Why the change on North Hill?
Spokane’s North Hill area is returning to the fold of Community Development Block Grant Neighborhoods.
Whether that is a positive or negative development is likely to be a subject of debate.
Those who say it’s good news would include those who welcome the $30,115 in federal funds that the designation makes available for neighborhood betterment efforts. Street and sidewalk improvements, housing rehabilitation, parks and playgrounds, social services — those are among the uses to which CDBG money can be put under federal guidelines.
Between 1978 and 1994, the North Hill neighborhood received between $45,000 and $100,000 a year. In 1994, once 1990 census data had been compiled and analyzed, North Hill no longer qualified for the program and the funding ended.
It no longer was disadvantaged enough, based on a variety of factors that include poverty, the age and ownership of housing, the components of the population measured by age, ethnicity and marital status.
In many ways, however, loss of CDBG eligibility was a sign of success for the North Hill neighborhood. It showed that the demographic factors that impact community vitality had achieved a healthier mix. That the store of social capital in place there reflected an increase of assets and a decrease of needs.
Just what the CDBG program was intended to encourage.
The same thing happened this year to the Lincoln Heights neighborhood across town. That neighborhood had been receiving $25,000 a year in CDBG money, but 2000 Census figures show the criteria no longer are met.
Meanwhile, though, North Hill has slipped back below the threshold and its funds will resume. That will be welcome news to community activists who worried a decade ago about how they would follow through on initiatives that were on the table at the time.
Still, it’s hard to think of a rising level of need as good news.
It would be easier to draw a clear conclusion if we knew with certainty just what the dynamics are that brought about the change.

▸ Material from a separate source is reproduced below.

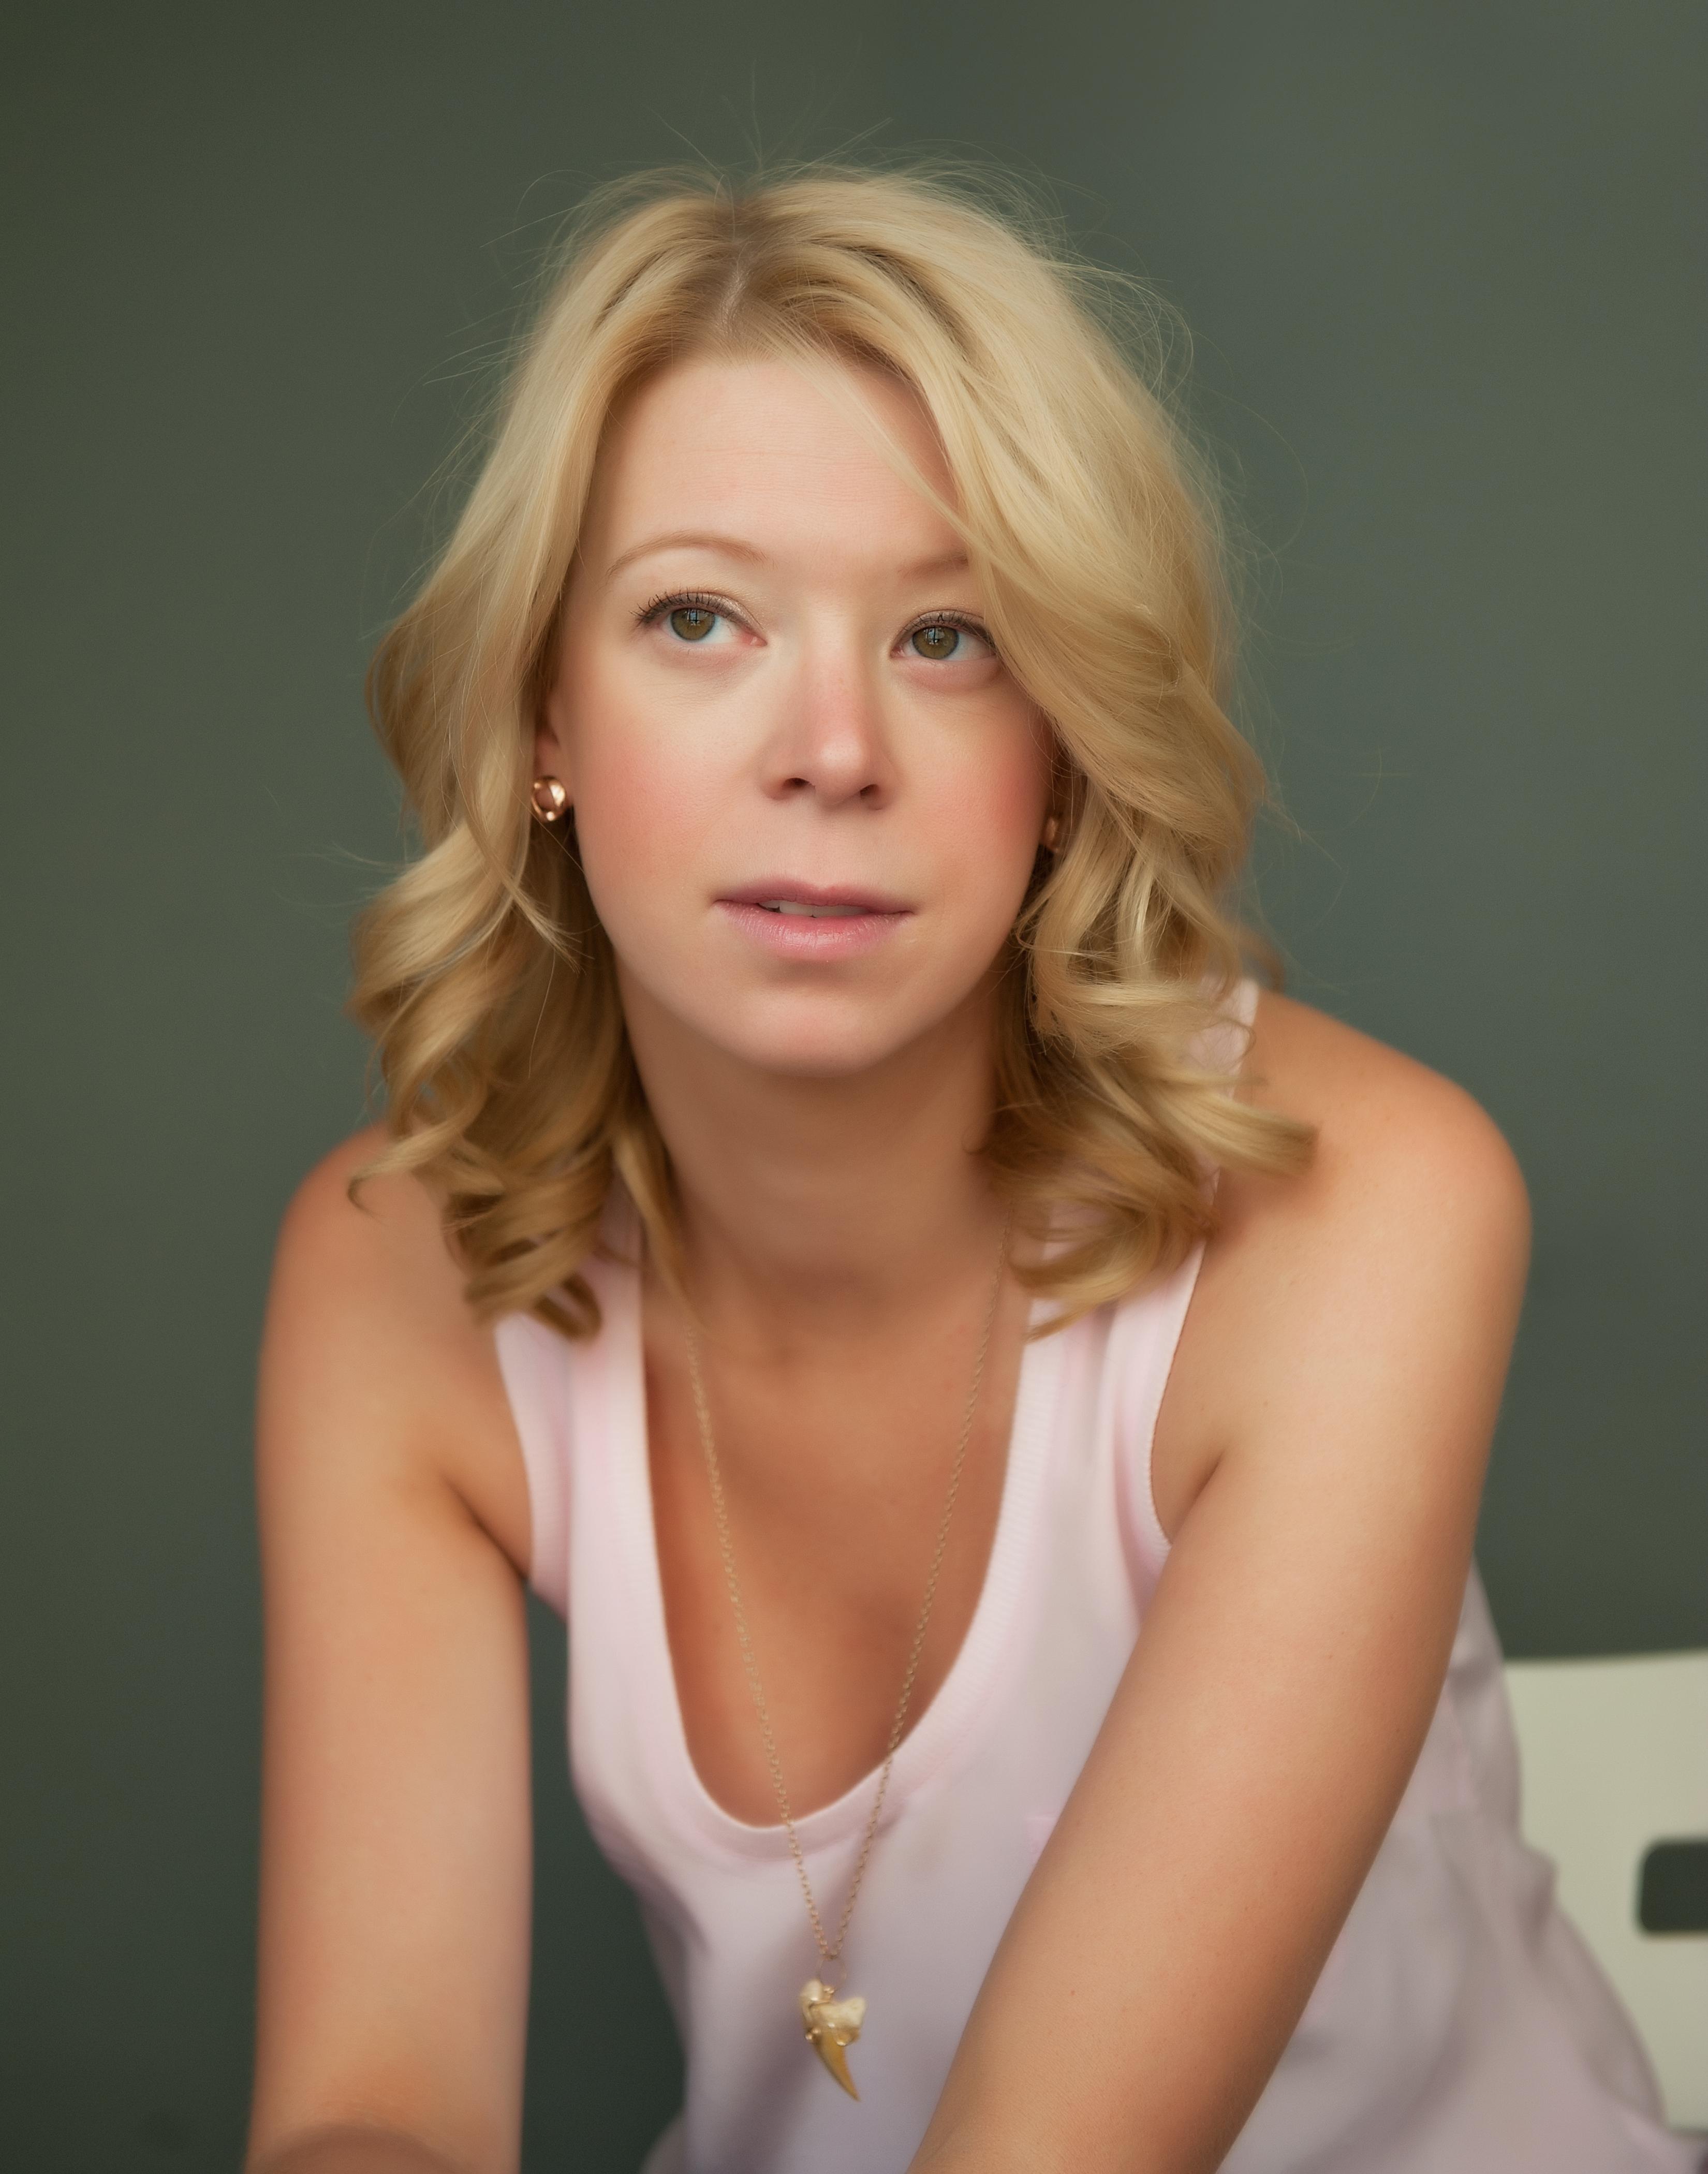 Adrianne Haslet Davis

It was thought a decade ago that North Hill rose above the eligibility threshold after longtime residents died or moved away and their homes were purchased by younger families with higher incomes.
Now, speculates Mike Adolfae, director of community development for the city of Spokane, it may be that those young home buyers have moved on, too, but have kept their North Hill houses as rentals. That would impact the CDBG eligibility determination.
Unfortunately, the city lacks the information it would take to draw solid conclusions about why conditions have changed. Such data, although expensive and time-consuming to collect, would be invaluable in assessing whether socioeconomic conditions in Spokane’s low- and moderate-income neighborhoods are being addressed as effectively as possible.